Monday, February 09, 2009

Reinvention or Extinction: The Gospel According to St. Gordon

By Richard Vedder

Gordon Gee is clearly one of the most interesting characters on the American higher education scene. Most persons in Columbus, Ohio think he walks on water and is in the process of taking Ohio State to "the next highest level" (heaven?), whatever that means. Gordon's popularity with university presidents is more mixed, however, and I know one or two prominent ones who think he is something of a charlatan/comedian more than a serious thinker about higher education today.

That said, President Gee (formerly of West Virginia University, the University of Colorado, Brown University, and Vanderbilt University) made a remarkable speech at the American Council of Education meetings last week, apparently receiving a standing ovation. And I must admit I really liked most of what Gee had to say.

Universities face "reinvention or extinction" we are told. Universities should not hunker down and beg for enough money to ride out this downturn (which they are doing as we speak with their lobbyists working overtime to get stimulus dollars), but start to rethink the way they do business. Maybe we should deep six academic departments, promote greater interdisciplinary learning, etc., Gee opines. Maybe we should get more serious about the integration of community colleges and four year universities, meaning more than silly little articulation agreements.

All for the good, rhetorically. Gordon is a great talker. But as president of Ohio State he has bloated the administrative staff, and sent top salaries through the roof (beginning, of course, with his own). He has not dared tax the athletic department that takes in well over $100 million a year to help pay for university operations, or bring it into the mainstream of the university as he did (or tried to do) at Vanderbilt. And merely changing the organization of faculty is a trivial change in light of the economics of universities and the problems they face in coming years. Where does technology and capital-labor substitution fit into the mix? How do we provide incentives to make universities more cost conscious? How do we change the "publish or perish" culture to make research more economically viable and less expensive and self-serving? Etc., etc., etc.

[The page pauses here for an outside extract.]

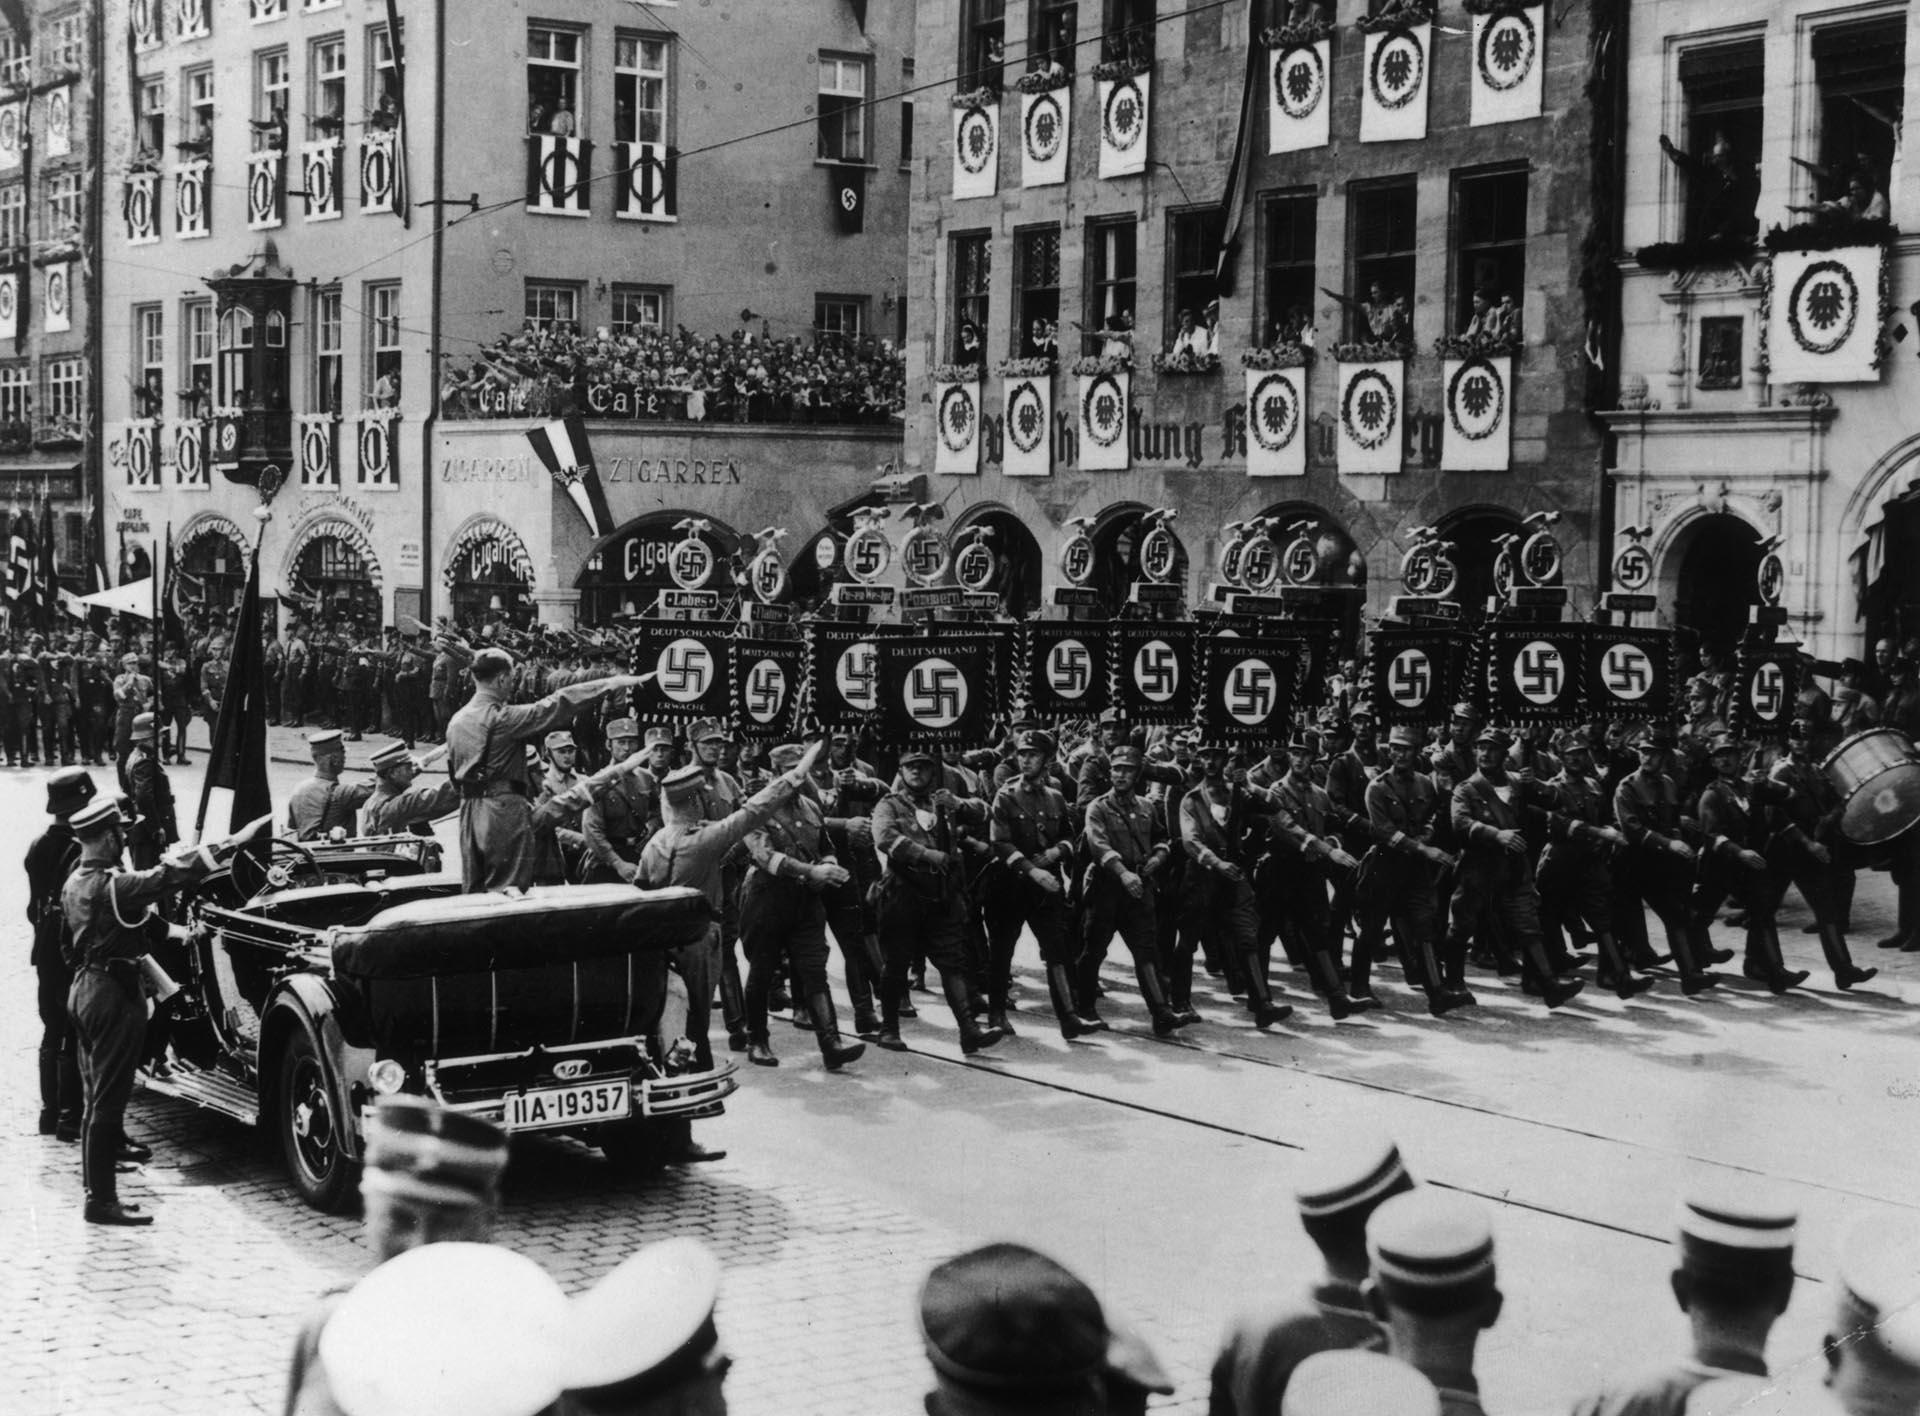 Adolf Hitler saludo durante una marcha de celebración nazi en Núremberg, en 1935 (Getty Images)

Nonetheless, it sounded like a rousing speech, and, knowing Gordon Gee, it was no doubt delivered with much flourish. Enough words, however; let's have some action.

4 comments:

capeman said...

"Universities should not hunker down and beg for enough money to ride out this downturn (which they are doing as we speak with their lobbyists working overtime to get stimulus dollars"

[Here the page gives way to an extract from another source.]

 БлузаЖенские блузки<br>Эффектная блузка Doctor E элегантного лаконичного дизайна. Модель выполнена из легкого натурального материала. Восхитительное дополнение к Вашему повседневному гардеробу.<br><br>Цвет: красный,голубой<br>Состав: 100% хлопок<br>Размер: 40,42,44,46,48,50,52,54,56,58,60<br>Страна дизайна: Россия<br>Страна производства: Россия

This is an absurd statement. Universities are not "begging for enough" to survive the current downturn. They are not in danger of "extinction". The amounts of stimulus money are peanuts compared to their overall budgets. They might as well get in on the goodies, if there is going to be a stimulus package. But they idea that they need this to survive is ridiculous.

Unknown said...

Did Gordon Gee **** your wife, Doc?

Seriously, you have a raging hard on for this guy. Gee (pun intended), I wonder what most prominent university presidents think of your "destroy the village in order to save it" prescription for public higher education?

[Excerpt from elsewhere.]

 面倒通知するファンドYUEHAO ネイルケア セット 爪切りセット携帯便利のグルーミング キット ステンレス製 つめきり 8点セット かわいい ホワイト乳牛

Obviously most prominent university presidents--not to mention prominent deans of econ departments--never thought much of you or they would have hired you away from the academic backwaters of Athens, OH.

AGM said...

The fact is that those of us who work as administrators in America's colleges and universities have had our ethics hijacked. We continue to balance our budgets by admitting students into freshman classes with no chance of them ever graduating. The schools that do get them to graduate do so only by providing academic programs that provide knowledge and skills that prepare their graduates for careers as convenience store clerks. We then declare victory in the name of diversity.
Public money that could go to stimulating this economy is going to create graduate programs of no value so that America's worst faculty can sit in front of America's worst college students. In the end the money would be better spent paying them all to move rocks from one side of the campus to the other. At least they would all get exercise.
American higher education is addicted to spending and lying and we need to get on a 12 step program fast or we will water down the value of a college education to the point it is worthless.
We can blame the courts for Griggs v. Duke Power but had we not allowed community colleges to veer from their original mission of technical and continuing education and if we had not allowed 4 year schools to become 5 year schools so truck drivers and factory workers (both noble jobs)could be turned into speech communication majors the market would have found a better way to deal with the decision.
What is perhaps most tragic is the thousands of deserving students and faculty who are not receiving the attention or resources they deserve because in an attempt to stamp out elitism and adjust for wasteful spending the academy has become far less rigorous and more interested in "appearing good" than "doing good." Will the country really be better off by guaranteeing that everyone can go to college regardless of their intelligence?

capeman said...

AGM -- I don't know your work history, but it sounds like you need a new position fast -- otherwise the guilt is going to get to you.